The Value of Reading a 200-year-old story in a 100-year-old book

(Bookmark gifted by a 3-year-old grandson who generously shared his truck stickers.)

November 4, 2023

When leaves dance across the walkway and autumn’s chill is in the air, I like to take out an old copy of Washington Irving’s Sleepy Hollow to get in the mood for Halloween.

This small-format book exhibits the usual signs of wear. The fore edge is darkened by dust and age. The Copyright page is torn out, so I can’t date it exactly, but the publisher – The Platt & Peck Co. in New York – I’ve learned, operated from the late 19th century to the early 20th century. There’s a color plate of the main character, schoolmaster Ichabod Crane, in the beginning on the inside left with the same image replicated on the cover. There is nothing on the back.

The pages are intact, though slightly yellowed, displaying justified handset type, slightly askew occasionally as they pull into the binding. There’s charm in that. The paper stock is weighty and offers a tactile reward. There are lovely, wide margins, relaxing on the eyes, making for a quick, easy read, reminding me that consumable content is important. Interestingly, there is no writing on the spine so perhaps this book was never intended for a library shelf.

But I digress. I’m here to talk about the story – a tale so simple, it’s child-like, but as with many classics, can be enjoyed by adults who read between the lines.
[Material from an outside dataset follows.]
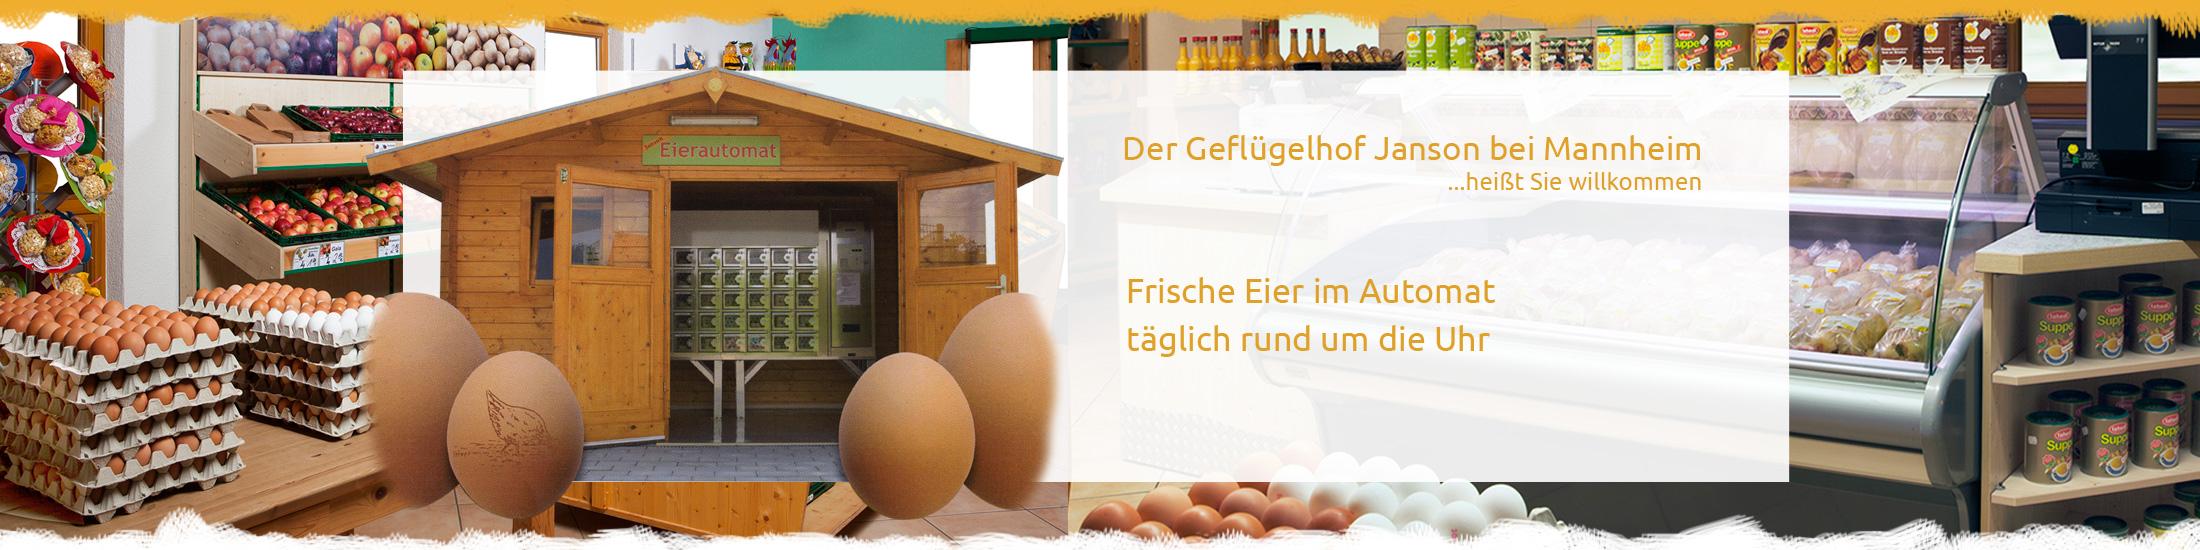 Geflügelhof / Hofladen Janson in Hockenheim bei Mannheim und Heidelberg - täglich frische Eier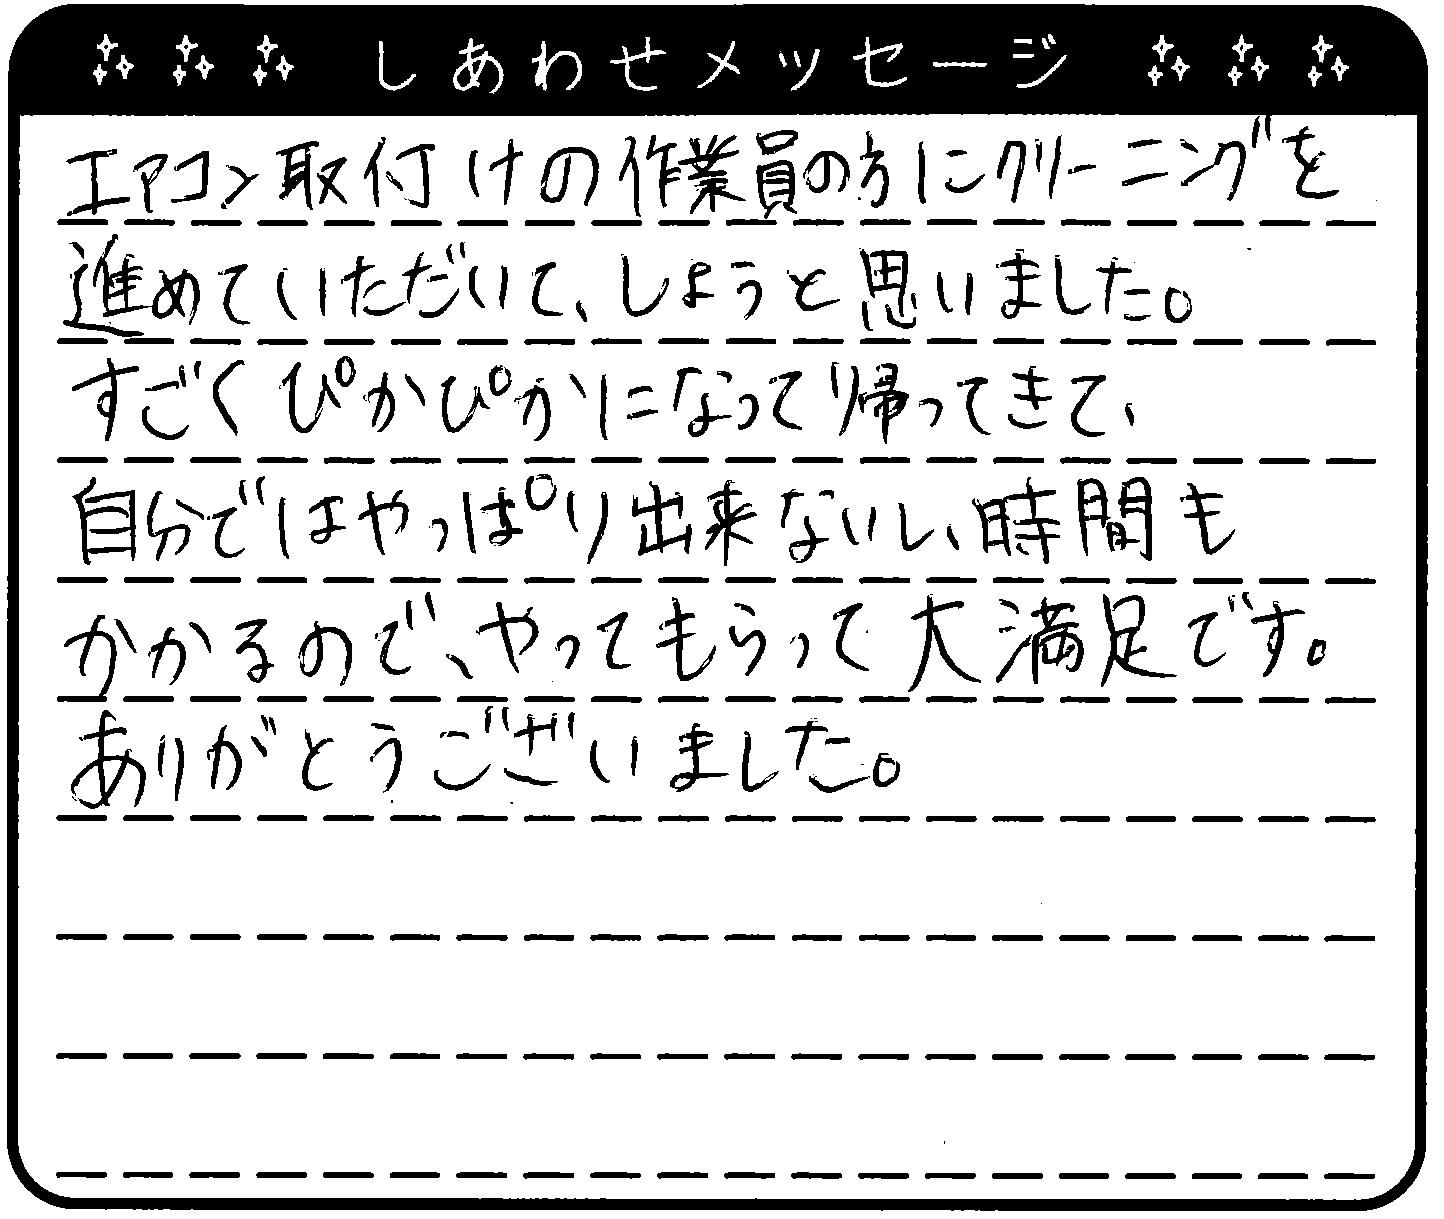 福井県 H様からのしあわせメッセージ

This is not a monumental literary work but rather, a dutiful account of life in Colonial America, in New York state along the Hudson River, during the years preceding 1815-1819 when it was written. It was originally published in installments as part of “The Sketch Book.”

I’ve learned that Washington Irving spent time in Tarrytown, NY (where Sleepy Hollow is set; yes, there’s a real town by that name) in 1798, when he and his family escaped a Yellow Fever epidemic in New York City.

This experience supports the adage “write what you know,” because through his details, I can feel the forest, smell the earth, and see the expanse of water that is the river. (It doesn’t hurt that I grew up in the region and can attest to his accuracy.)

“The forests had put on their sober brown and yellow, while some trees of the tenderer kind had been nipped by the frost into brilliant dyes of orange, purple, and scarlet. Streaming files of wild ducks began to make their appearance high in the air.”… “On all sides he beheld vast store of apples; some hanging in oppressive opulence on the trees, some gathered into baskets and barrels for the markets, others heaped up in rich piles for the cider-press. Farther on, he beheld great fields of Indian corn, with its golden ears peeping from their leafy coverts, holding out the promise of cakes and hasty pudding.”

Some of the words and phrases are antiquated, but that’s all the more charming; the gist is clear. Irving paces his writing like a campfire tale, spoken in the slow voice of a dramatic storyteller. On occasion, he steps aside and refers to himself as the humble narrator. (I tried to emulate a similar style in Silver Line.) Irving’s role is not to interpret the plot but to relay it in the context of the times – in an era rife with New World mystery and superstition among the old Dutch families who inhabited the area.

Irving captures this uneasiness by telling of legends that lurk in the idyllic countryside. He notes the Hollow is near the place where British Spy, John Andre, was hanged and where a Hessian soldier, around Halloween of 1776, had been decapitated during the Battle of White Plains. (This, per a New York Historical Society account, October 25, 2013).

Like all good characters, Ichabod is flawed. He’s a man prone to indulgences despite his persona of a lanky, austere teacher (or ‘pedagogue’ as Irving calls him). Fact is, Crane covets the affluent lifestyle enjoyed by his love interest, the pretty and plump Katrina Van Tassel. Ichabod’s weakness for food is revealed as he craves the pies, meats, and rich dumplings offered at the Van Tassel home – an estate he might well inherit if he were to wed the fair Katrina.

Of course, there’s an antagonist, the large, arrogant Dutchman, Brom Bones, who vies for the attention of the wealthy damsel. He torments Ichabod, and we immediately dislike the bully because that behavior is still relevant today.

Poor Ichabod. In a single night, he is jilted by his love interest and forced to ride through the darkest recesses of the forest, places where hauntings have occurred and might again, only to encounter a towering menace on a black steed – the headless horsemen of whom he has heard so much.

Here’s where Irving does something right, reminding us (writers) about the importance of foreboding, flash forwards, and making the reader feel smart. When Ichabod can’t be found after his night of terror, only his saddle and a smashed pumpkin remain. Irving never explains why the pumpkin is there but lets the reader connect the dots to the “head” that was carried.

I think I particularly enjoyed re-reading this little story (a few pages at a time, over morning coffee) because it did not try to be more than it was. Authenticity is a good goal for people who play with words.